People like Solmonese so committed to partisanship will forgive all sorts of abuses from the party under the guise of buying into the bigger picture. They will invariably accept excuse after excuse why now isn't the time for Democrats to expend political capital on the civil rights of gay people.
The HRC "Massachusetts mafia" that hired Solmonese wanted a political operative, not an inspirational leader; and unfortunately, that's what they got. Anyone who's heard Solmonese speak, or listened to his satellite radio show, knows that his focus is all on the horse race. He must snooze his way through news articles about civil rights until he can get to the "good stuff" — who's up, who's down, raw politics. There's no harm in that, per se, but you hire that person to direct your political operations, not lead the whole organization, much less a movement.

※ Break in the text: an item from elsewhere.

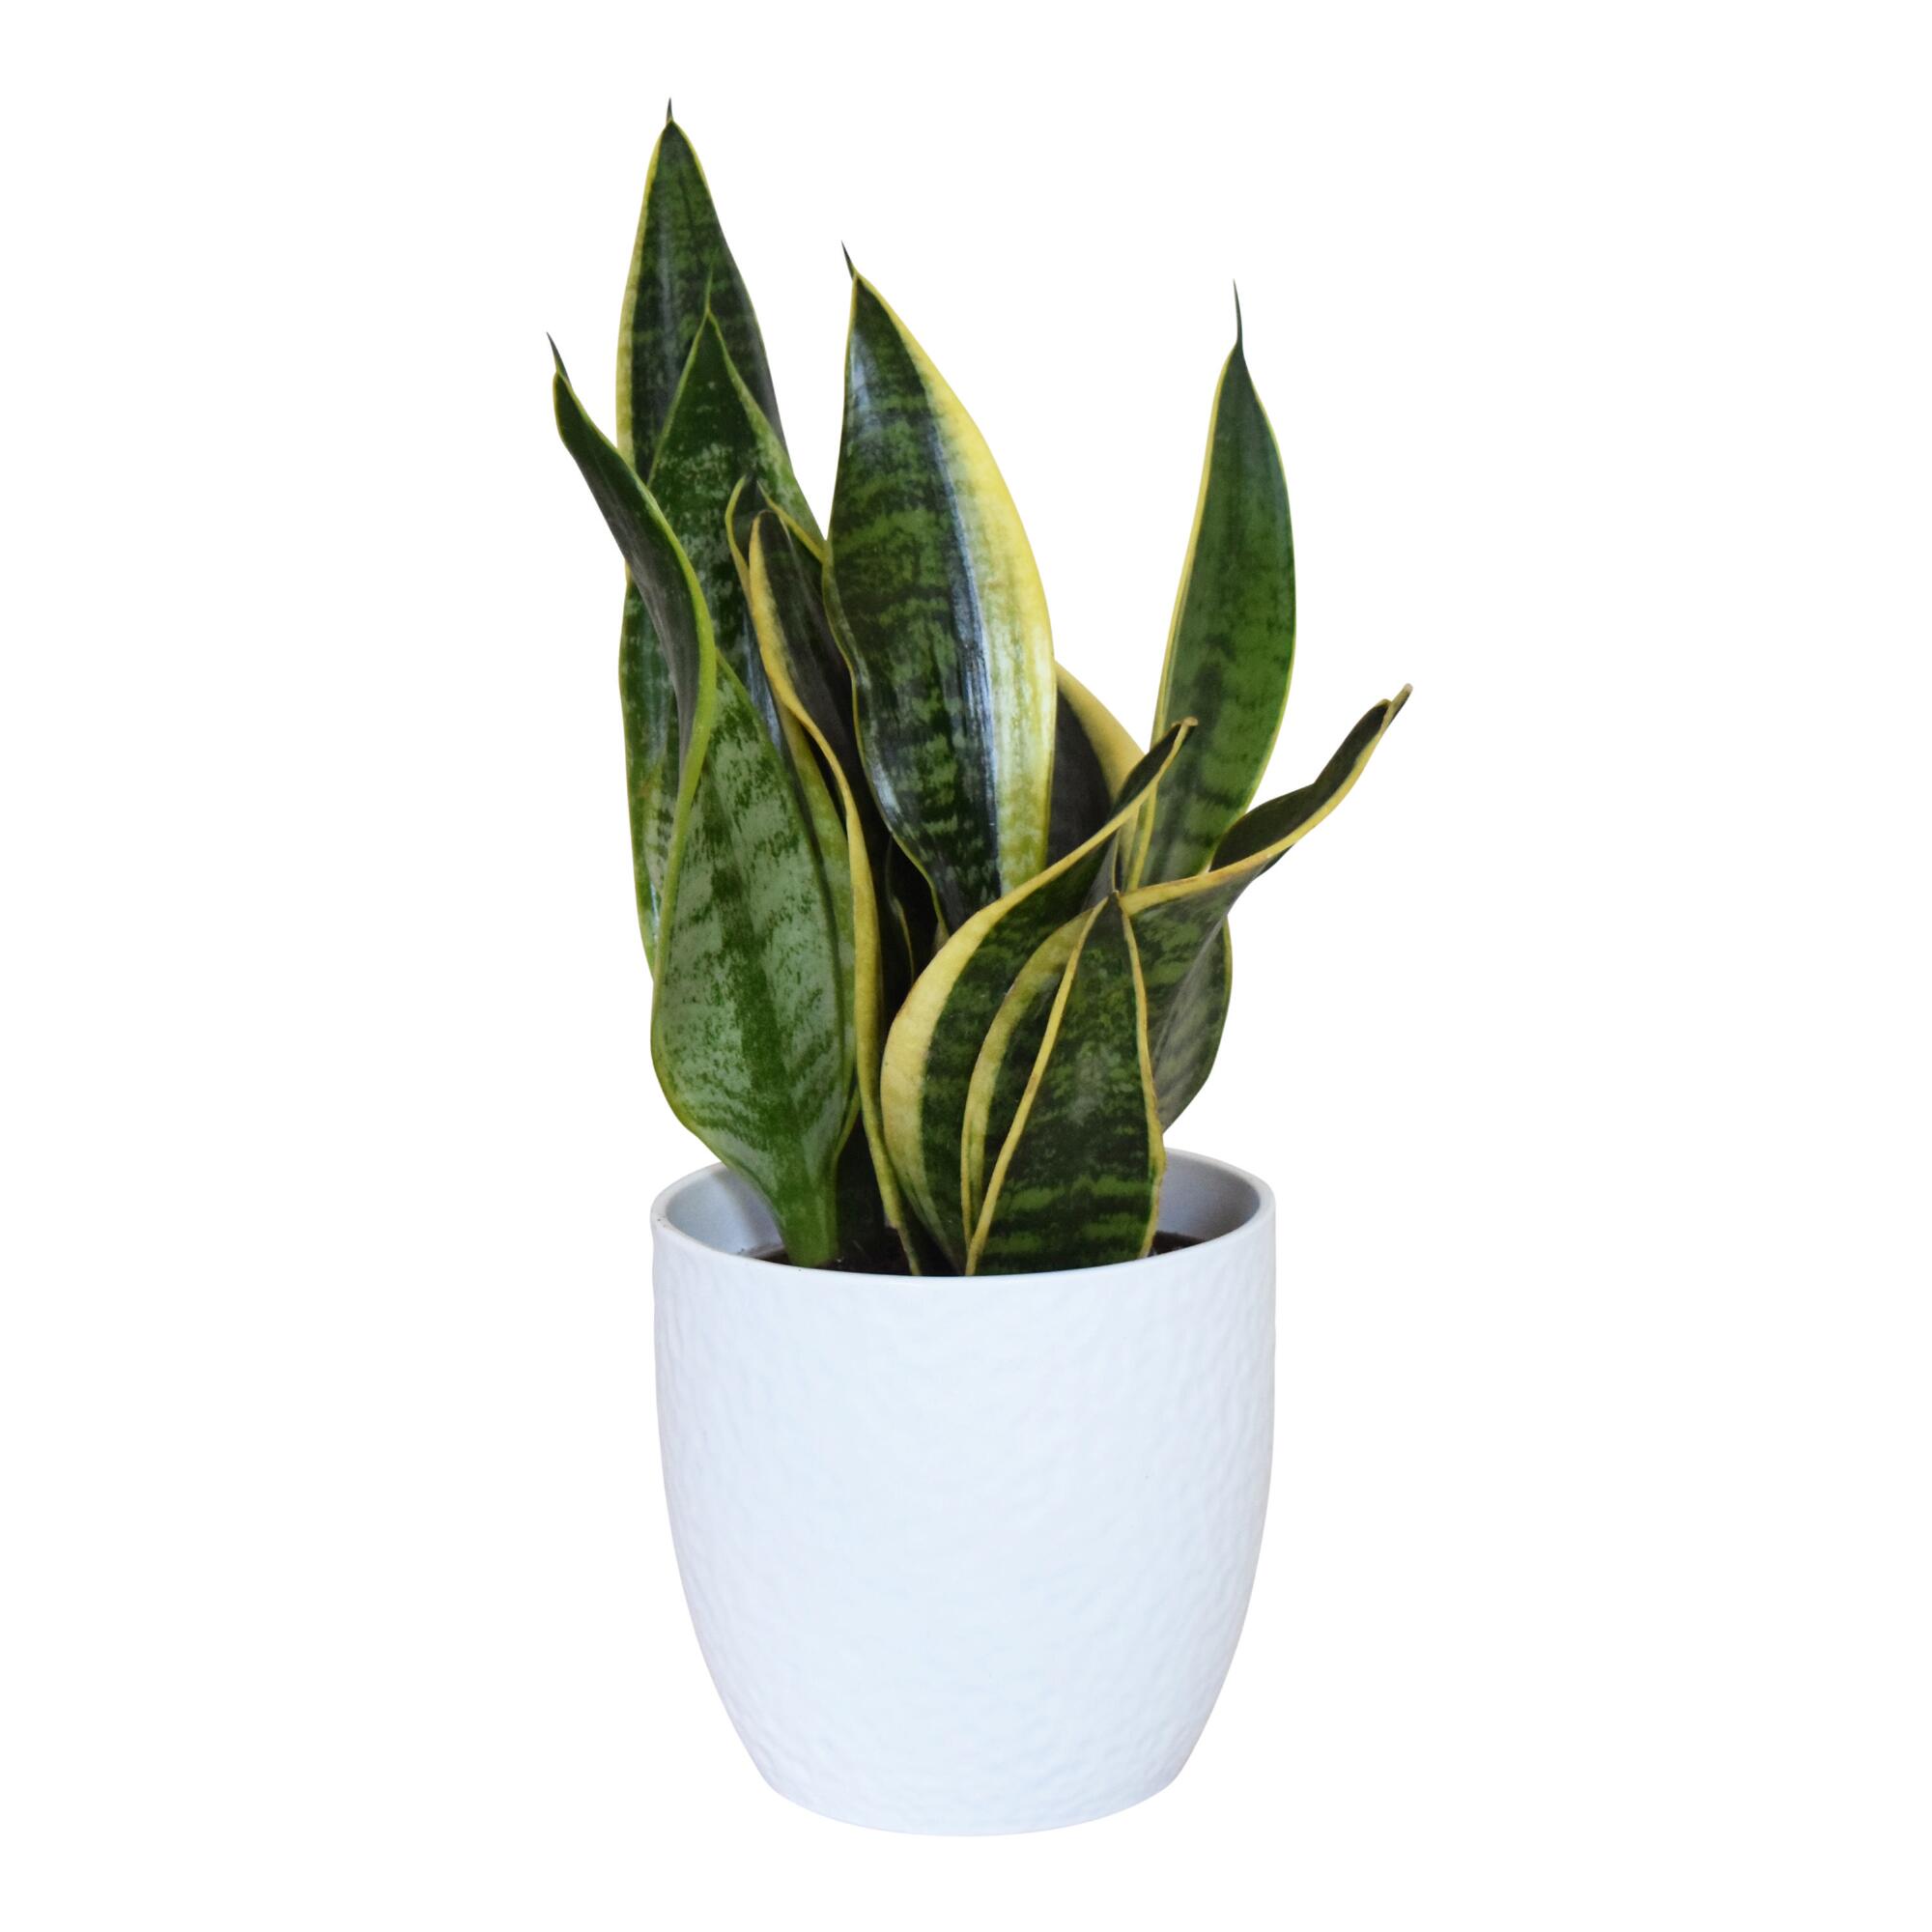 Live Sansevieria Plant in White Ceramic Pot: Green/Yellow by World Market

"What makes you political powerful is money and membership," the Globe quotes Solmonese as saying. Notice that missing from that poli-sci lesson is anything about the message. In the Solmonese playbook, having a meaningful message just doesn't count. (Neither does Solmonese's claim about membership, since he admitted last year that HRC cooks the numbers, counting as "members" anyone who's ever given even a single dollar to the organization.)
The Solmonese partisan allegiance, along with his disregard for winning hearts and minds — as opposed to just votes — is what's really behind his decision to divert money from the ballot measures to backing Democrats. The mixed results from November — which included several close calls and a win in Arizona — prove these ballot measures are, in fact, winnable. And losing has a serious cost, given the difficulty of re-amending a state constitution to once again permit marriage (and in many cases, even civil unions).
But those aren't the biggest costs to the movement from Solmonese's failure to keep his eyes on the prize, as Martin Luther King, Jr., used to say. (Can anyone imagine the Civil Rights Movement putting the likes of Solmonese at its helm, much less suborning the dream of equality to one political party?) Unlike the countless, faceless races in which HRC spent gay rights money on somewhat-pro-gay Democrats, these ballot initiatives are about "our issues." They represent an important opportunity to engage the public on marriage, something our leaders always say we need to do more of but never seem to get around to doing.
In fact, HRC has wasted lots of money fighting marriage ballot measures, usually on ads that don't even advocate for marriage but instead invoke bland rhetoric about "not writing discrimination into the constitution" or making the argument that marriage is already banned by legislation. It's the kind of message that tests well with focus groups but (a) doesn't win elections and (b) does nothing to engage on the issue itself, reaching "the mushy middle" that is sympathetic to gay people but hasn't gotten over "the M word."
Rather than see the money was wasted because it didn't go toward the message, Solmonese has instead diverted crucial funds even further from the actual battleground. That's because the HRC of Joe Solmonese has given up reaching those people, and instead chosen the lobbyist end-run: giving money through the back door to buy politicians who it's hoped will show leadership. It's a big gamble and one that shows little faith in the power of the message. And it's certainly no way to run a movement.